A few days after he initiated this postulate early in the primary campaign, the Danish prime minister set Sanders straight, saying, “I know that some people in the US associate the Nordic model with some sort of socialism. Therefore I would like to make one thing clear. Denmark is far from a socialist planned economy. Denmark is a market economy…with a flexible labor market that makes it easy to hire or fire.” …………………………………………………………………..
(1) As an organizer and spokesperson for the Central American peace-solidarity march being planned, I asked him to be on standby if we had use for his political influence. The six-week march (mostly in buses in 1985-6) from Panama to Mexico supported the Contadora peace process devised by regional leaders to pressure the US to end its war against Nicaragua, and its backing of military regimes massacring people in El Salvador and Guatemala. Anker Joergensen was useful when one of our marchers was arrested in El Salvador. Through his calls and those of other European leading figures, we forced the government to release the worker.
This series sprang from discussions I’ve had with several people regarding the Danish/Scandinavian model of social democracy, or socialism as Bernie Sanders contends. Some well intentioned persons view the Nordic Model as a solution to greedy capitalism, while others view its role as a seditious savior of exploitative capitalism. Many Cubans I knew when living there (1988-96) and visiting since see the Nordic Model as a way out for their failing revolution, gone the way of a bureaucratic state. Some Spaniards backing Podemos hope to emulate Scandinavia, whose social democracy is also failing, unbeknownst to many foreign admirers.
Hathaway put it this way. We are witnessing “the death of social democracy in Europe coupled with the rise of pseudo-left parties that exist to channel potentially revolutionary energy into reformist dead-ends…the crackdown on social democracy is inevitable under capitalism. These progressive measures were only allowed to stimulate consumption because the main consumer market then [Europe 1920s-70s and USA in Keynesian time, 30s-70s] was in the home countries. Now the market is global, and the corporations have to slash costs to compete with the emerging capitalist countries, which have lower wages, so social democracy has to go. But this crackdown may finally make the workers in the West realize their class position and start fighting back.”

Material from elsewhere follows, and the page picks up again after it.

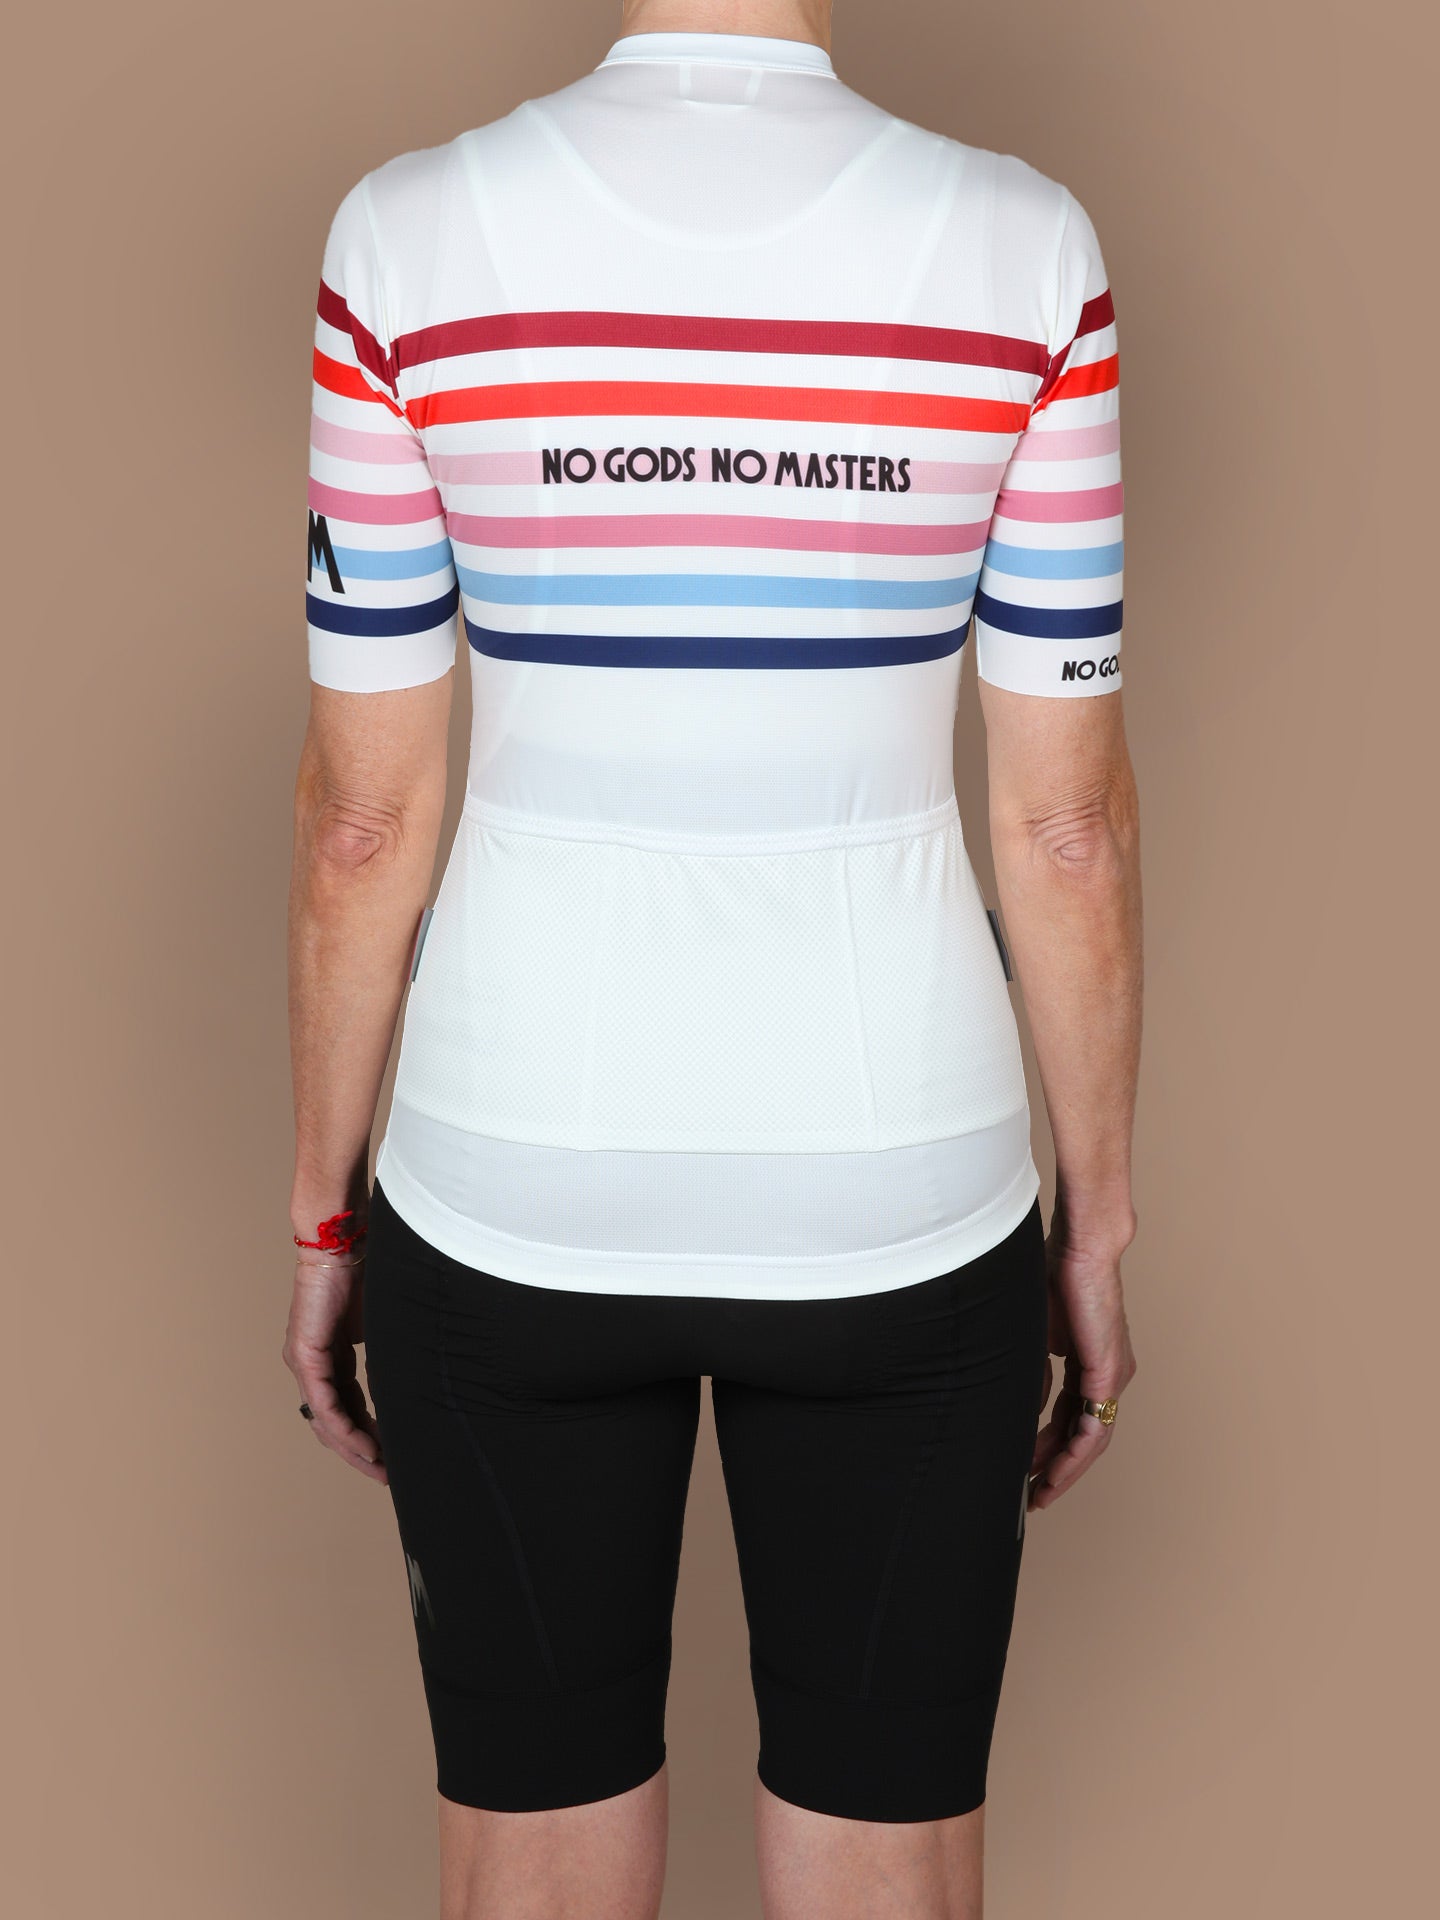 NGNM Stripes cycling jersey multicolour back black performance bib shorts

Lindorff put it another way. “Sanders [social democratic approach] offers a chance, slim I would agree, to attack the country’s corrupt power structure, and if that happens, we will inevitably see a weakening of the imperialist superstructure, and of the military industrial-complex…Sanders is urging his backers to create a movement, not for him but for the issues that matter which he is backing…It is a fantasy to believe that there will be a socialist revolution in the US that will overthrow the system. Far more likely is an openly fascist government.”